What the exercise asks: Set down the final stretch of the data, from the line that holds "4 Huhtikuun 2013" through the last line, both included, with pictures left out.

Source material:
━━━━━━━━

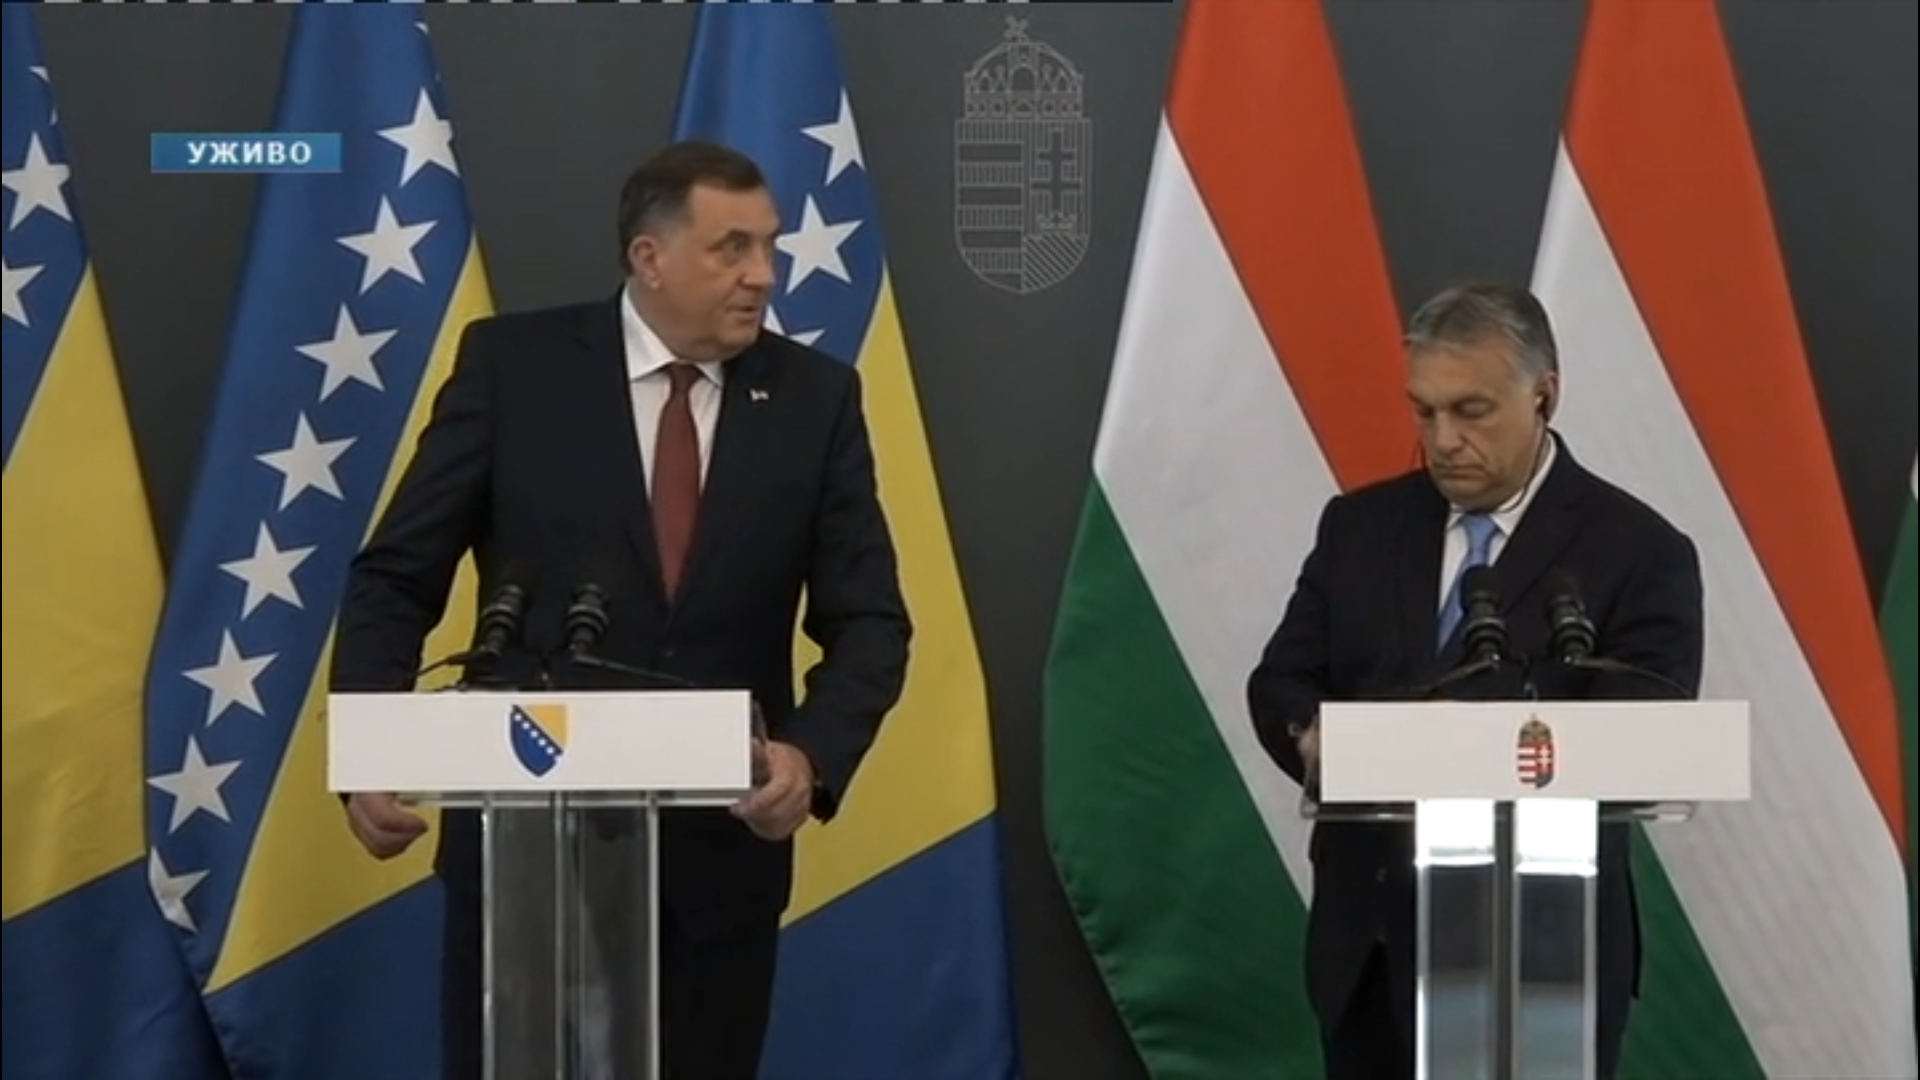 Dodik és Orbán tart közös sajtótájékoztatót még 2019-ben.
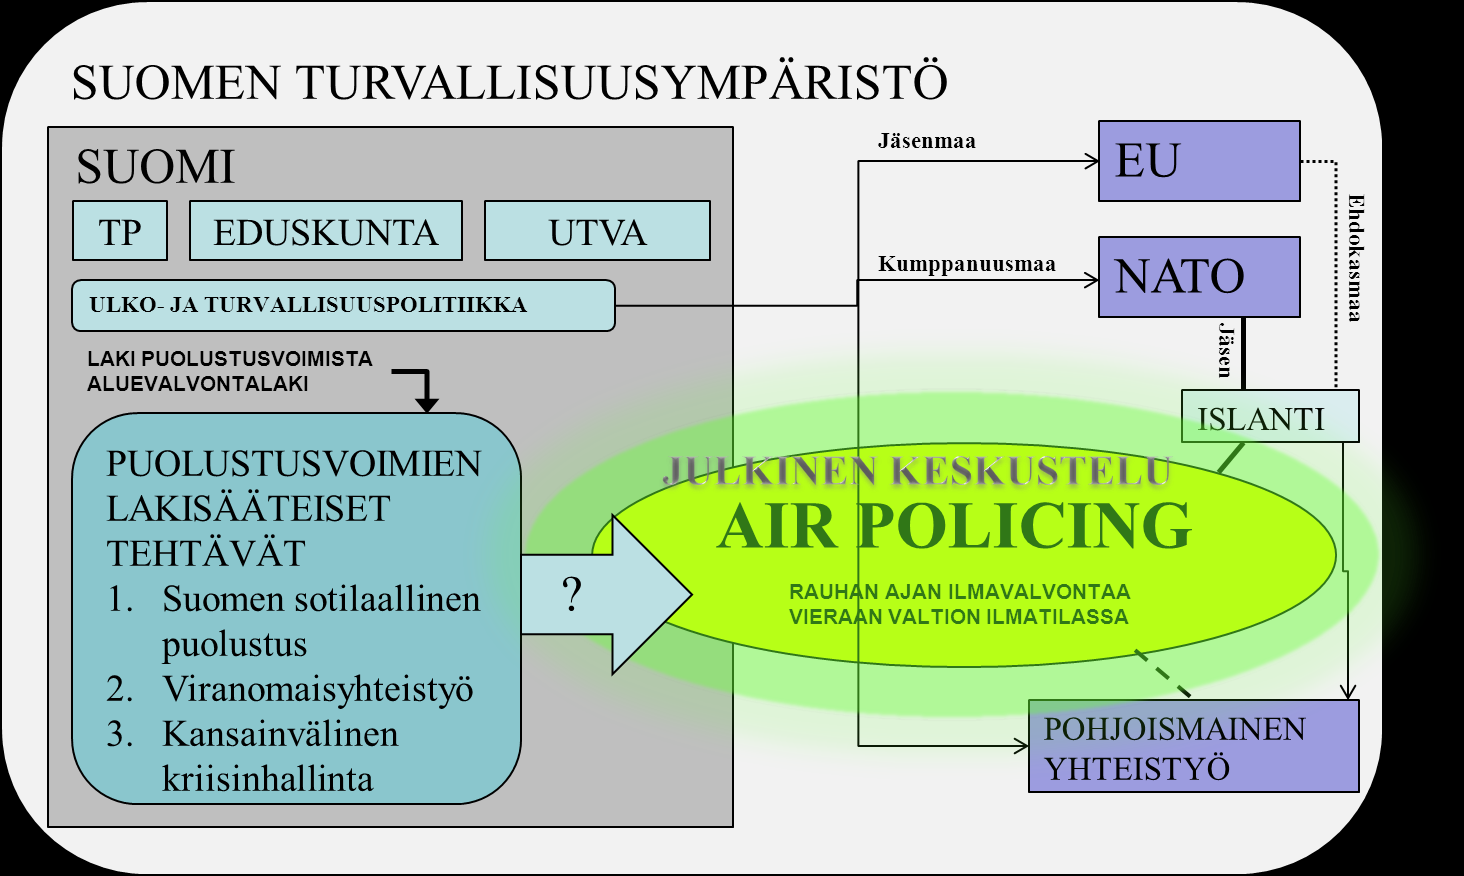 4 Huhtikuun 2013 tietojen perusteella Islannin ilmavalvontaoperaatio toteutetaan alkuvuodesta 2014 Nato-rotaation mukaisella Norjan valvontavuorolla.
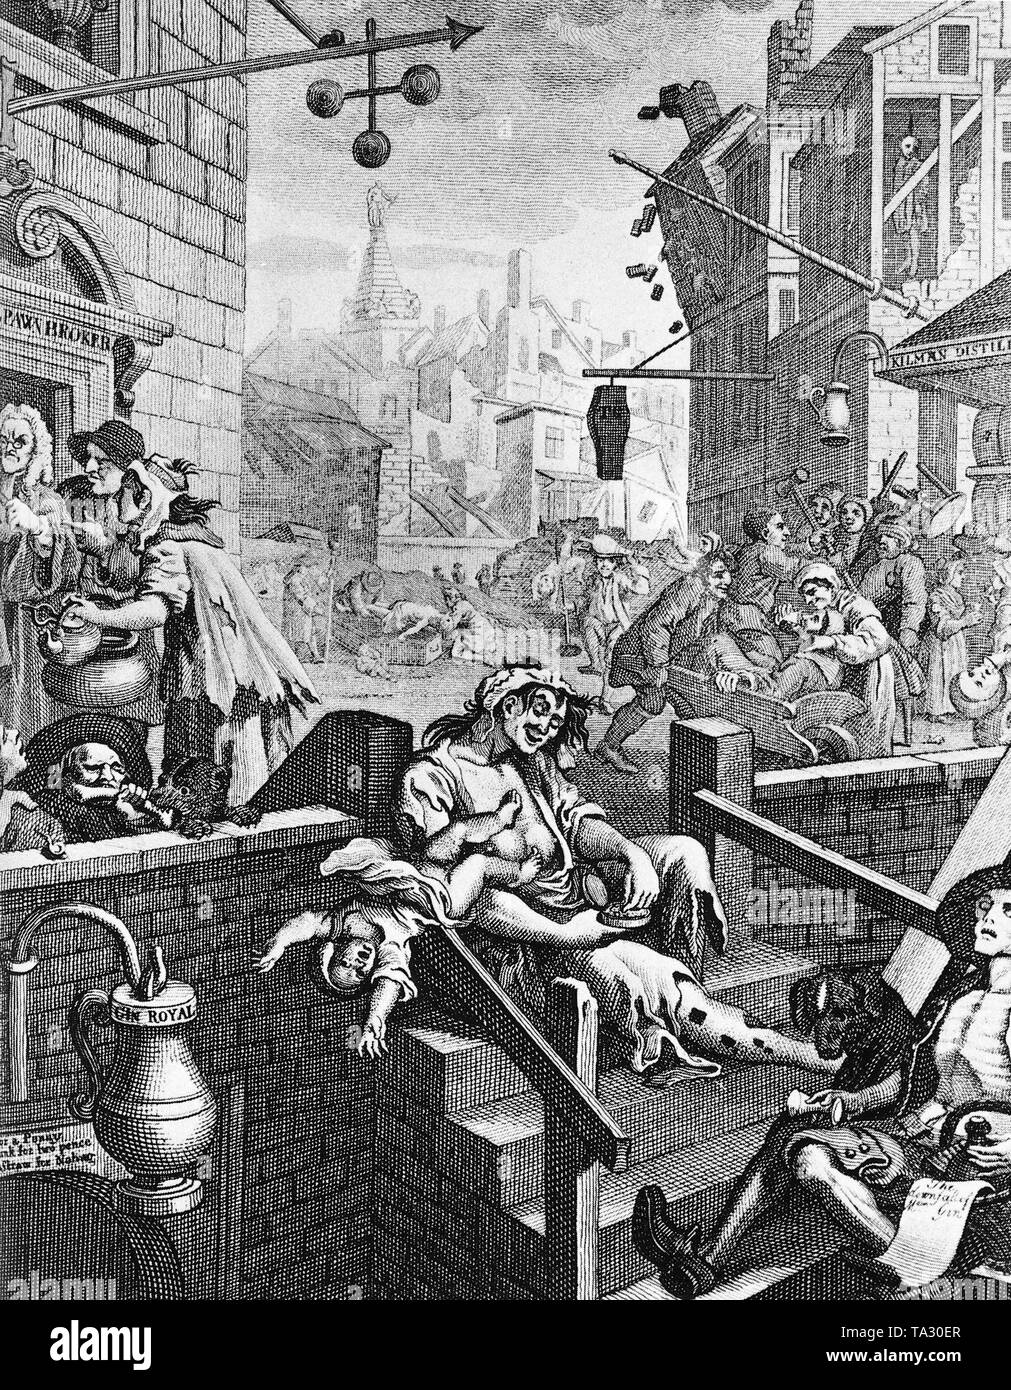 La gravure 'Gin Lane' (1751) de William Hogarth (1697-1764) dépeint la misère à Londres au 18e siècle. Hogarth dessine une photo de Londres caractérisé par l'alcoolisme et la toxicomanie. La mère à l'avant-plan par exemple vous permet d'automne son bébé pendant qu'elle prend une pincée de tabac à priser. Banque D'Images

━━━━━━━━

Worked solution:
 4 Huhtikuun 2013 tietojen perusteella Islannin ilmavalvontaoperaatio toteutetaan alkuvuodesta 2014 Nato-rotaation mukaisella Norjan valvontavuorolla.
 La gravure 'Gin Lane' (1751) de William Hogarth (1697-1764) dépeint la misère à Londres au 18e siècle. Hogarth dessine une photo de Londres caractérisé par l'alcoolisme et la toxicomanie. La mère à l'avant-plan par exemple vous permet d'automne son bébé pendant qu'elle prend une pincée de tabac à priser. Banque D'Images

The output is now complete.